You can setup warning system for non-authed operations during compilation. You can also use a different module for rls_ functions and warn on direct Repo calls. Dialyzer helps with it as well, since most functions would need to have a user type as first arg.

10

OK. It looks nice. But what about presentation.

Some resources should be disbaled or hidden from interface if i don’t have permission.
I cant hide them if all my permission are based on postgres.

Resolving permissions by url looks bad. Is there any better options? Mayby by passing context/schema to controller and read them in PLUG? Is this even possible?

11

Why not? If the user doesn’t have a permission to access a row, it won’t be returned to them in selects.

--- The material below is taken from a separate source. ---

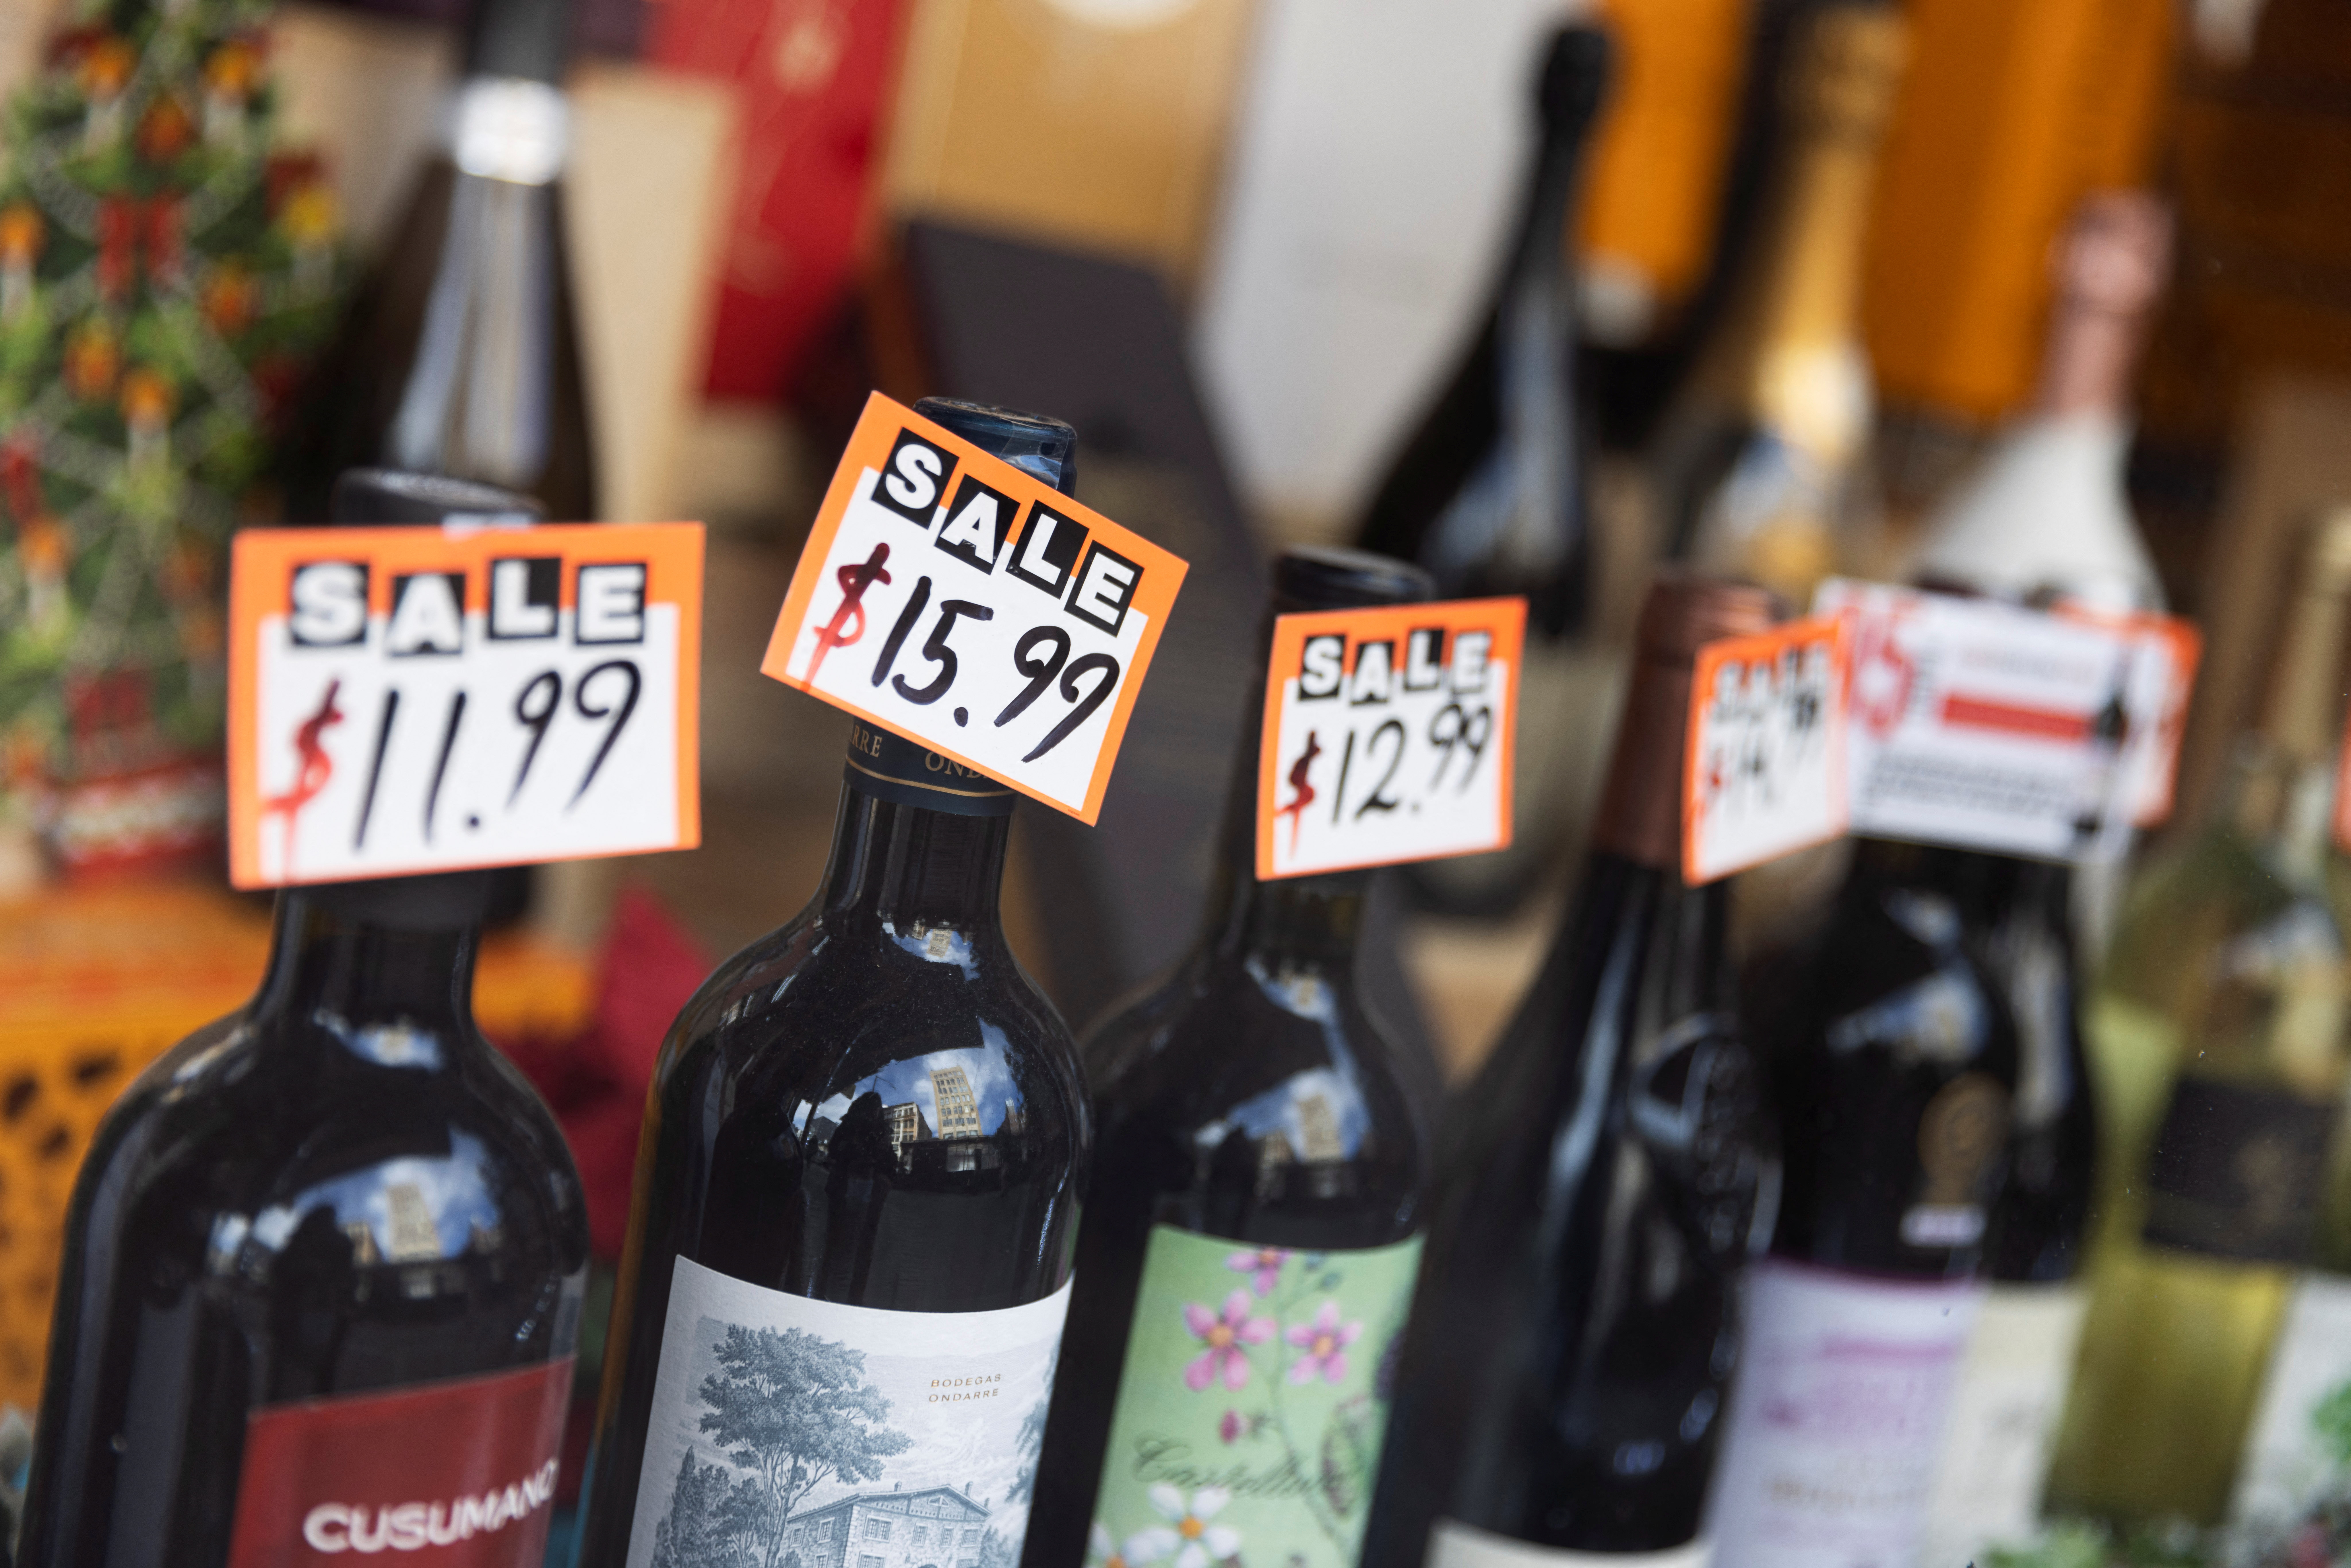 Prices are seen on wine bottles displayed in a store in Manhattan, New York City

Resolving permissions by url looks bad. Is there any better options? Mayby by passing context/schema to controller and read them in PLUG? Is this even possible?

What do you mean by resolving permissions by url? I’m not using urls in my examples above.

12

Not you. I said it at the beggining of this topic.

Permission based on RLS seems great. But still i don’t know how to hide something in menu. For example you don’t have permission for user. How should i remove users card from menu?

And second question is how to deal with it on web context? Like i said i build it by PLUG.
In PLUG i get user from POW, path from url and action from request. So in my solution there is no information about context, schema or even table. And my solution is based on paths.

I’m trying to understand how to implement your solution. System will raise exception if user doesnt have permission to current resource?

13

A particular user or a users table? If you have multiple roles, you get the current user role and draw the UI based on it. Otherwise a select from the table would do, as it’d only return the resources the current user has access to.

And second question is how to deal with it on web context?

Same way, you get a user in plug from a cookie, it can be a user id or a session token.